Eduardo Ferraz da Rosa (EFR) – Perfeitamente! Esse imprudente plano
europeu, político-territorialmente intrusivo, juridicamente afrontoso, técnica
e ecologicamente perigoso e potencialmente mortífero, conforme tive ocasião de
abordar (29.06 e 07.10.1982 e em 26.09.1983), consistia na tentativa de criação
de uma “lixeira para contentores” de matéria radioactiva, restos ou detritos de
núcleo-fusão, em plataformas submarinas entre os Açores e a Madeira.
– O risco de tais operações era
(e é!) enorme, devido à possibilidade de degradação (“leaking”) dos materiais
selados em fundos vulcânicos activos,
conforme expedições de Jacques Cousteau já haviam constatado e entre nós também
fora salientado pelo Prof. Vasco Garcia.
O caso mereceu destaque nos OCS,
tanto mais quanto era revelado pela Greenpeace
que o navio britânico “Discovery”, que andara realizando pesquisas junto à
Madeira para o “Seabed Working Group”, já estaria rumando ao nosso arquipélago
com vista à localização de “lugares geologicamente estáveis para depositar
resíduos nucleares”…
– E como reagiram os responsáveis açorianos?

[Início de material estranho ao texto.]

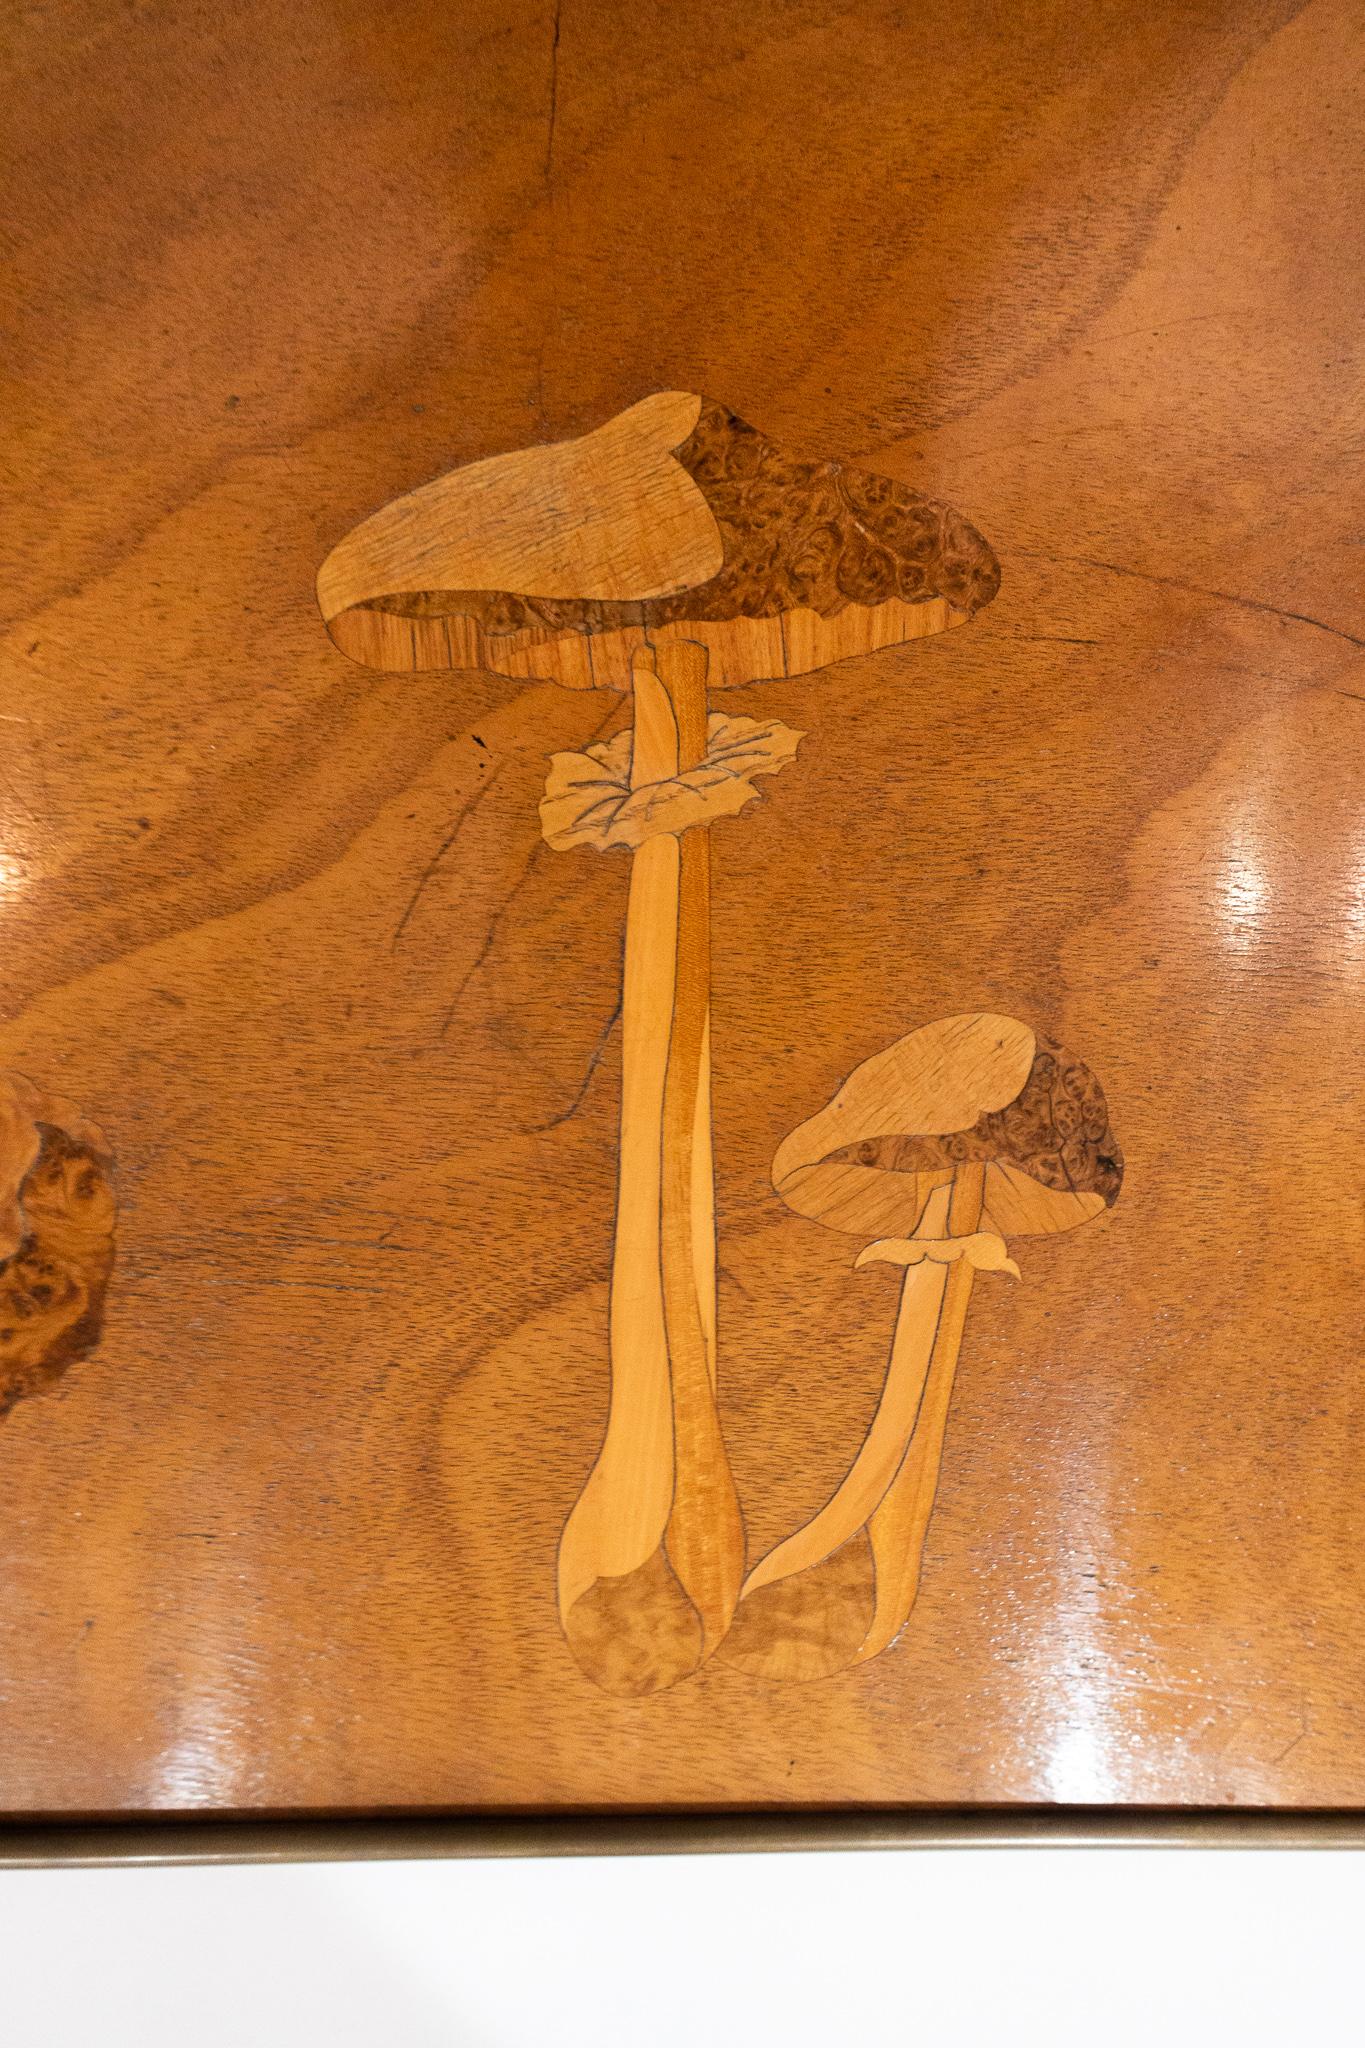 French Inlaid Wooden Panel with Mushrooms and a Butterfly, Signed Christian Dior, Paris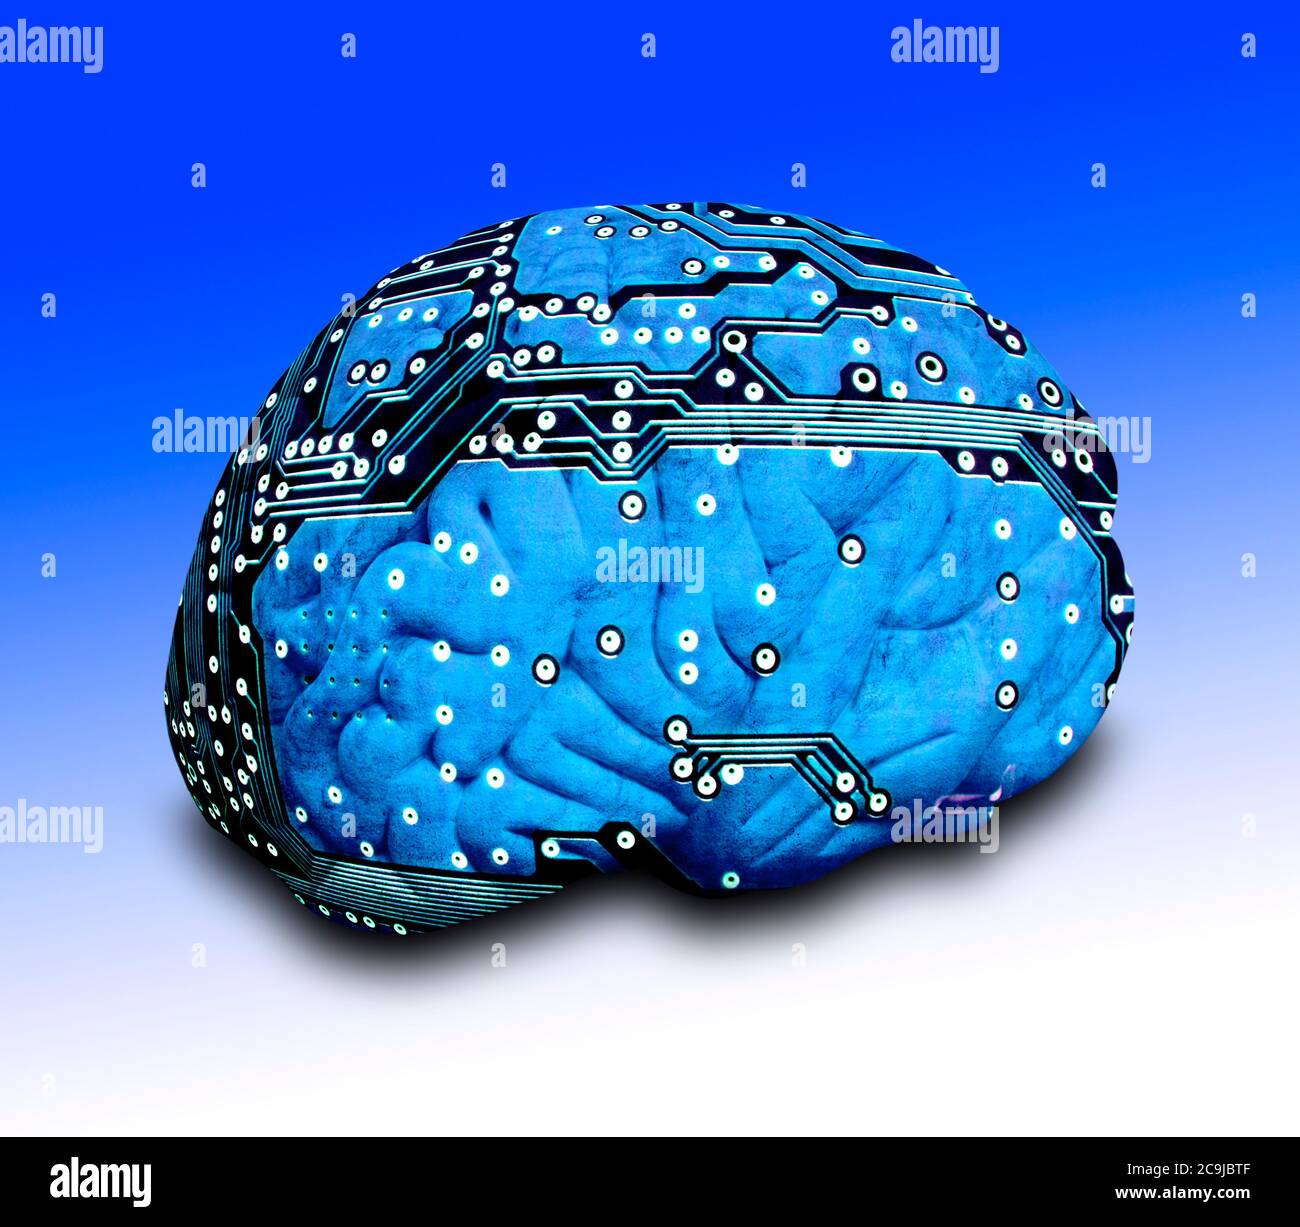 Human brain with circuit board against plain background. Stock Photo

EFR – No Parlamento reagiu-se aligeiradamente, mas no Governo,
então presidido por Mota Amaral, a reacção foi pronta, firme, competente e
exemplar, com responsabilidade, lucidez institucional, sentido da governação
autonómica e de Estado!
– Recordo a sua determinação,
atendendo à Convenção de Londres, em apresentar uma proposta a Lisboa no
sentido de serem promovidas urgentes diligências junto da comunidade
internacional, com vista a ser interdita do depósito de detritos radioactivos
no Atlântico.
Tratou-se, sem dúvida, de uma
clarividente e digna atitude, que aliás granjeou consenso e apoio unânime na
Conferência das Regiões Periféricas e Marítimas da Europa (reunida no Porto),
tal como motivaria um notável discurso – que lembro com apreço e louvor – ético-político
e patriótico de Mota Amaral, numa reunião interparlamentar promovida em Ponta
Delgada pela Fundação Friedrich Naumann.
– Que comparações faz entre esse caso e o falado transbordo de armas
químicas na Terceira (Praia da Vitória)?
EFR – Vejo diferenças e semelhanças no tipo de materiais em causa;
género (pre)visível e parcialmente conhecido da operação (transbordo para
reprocessamento em navio, destruição laboratorial ou reaproveitamento, e não
“dumping” em fundos marinhos); envolvimento alargado, legislado e tecnicamente
experimentado (ONU, OPAQ, NATO, Rússia, China, Noruega, Dinamarca, EUA…);
proveniência geográfica, rota e destinos (Médio
Oriente-Mediterrâneo-Atlântico-Europa e eventualmente EUA); informação mais
detalhada aos países envolvidos e/ou a (não) envolver, nomeadamente, para além
dos referidos, Itália e Portugal; finalmente, afirmações e protagonismos
apressados, prematuramente publicitados, extemporâneos portanto, em tom
demasiado condescendente (quando não servil, comparando-o com a postura da
pequena Sardenha…), pouco reservado ou impensado por parte de entidades
governamentais, para-governamentais e autárquicas (estas últimas tão levianas e
ridículas nos seus irresponsáveis juízos que nem comentário merecem!) …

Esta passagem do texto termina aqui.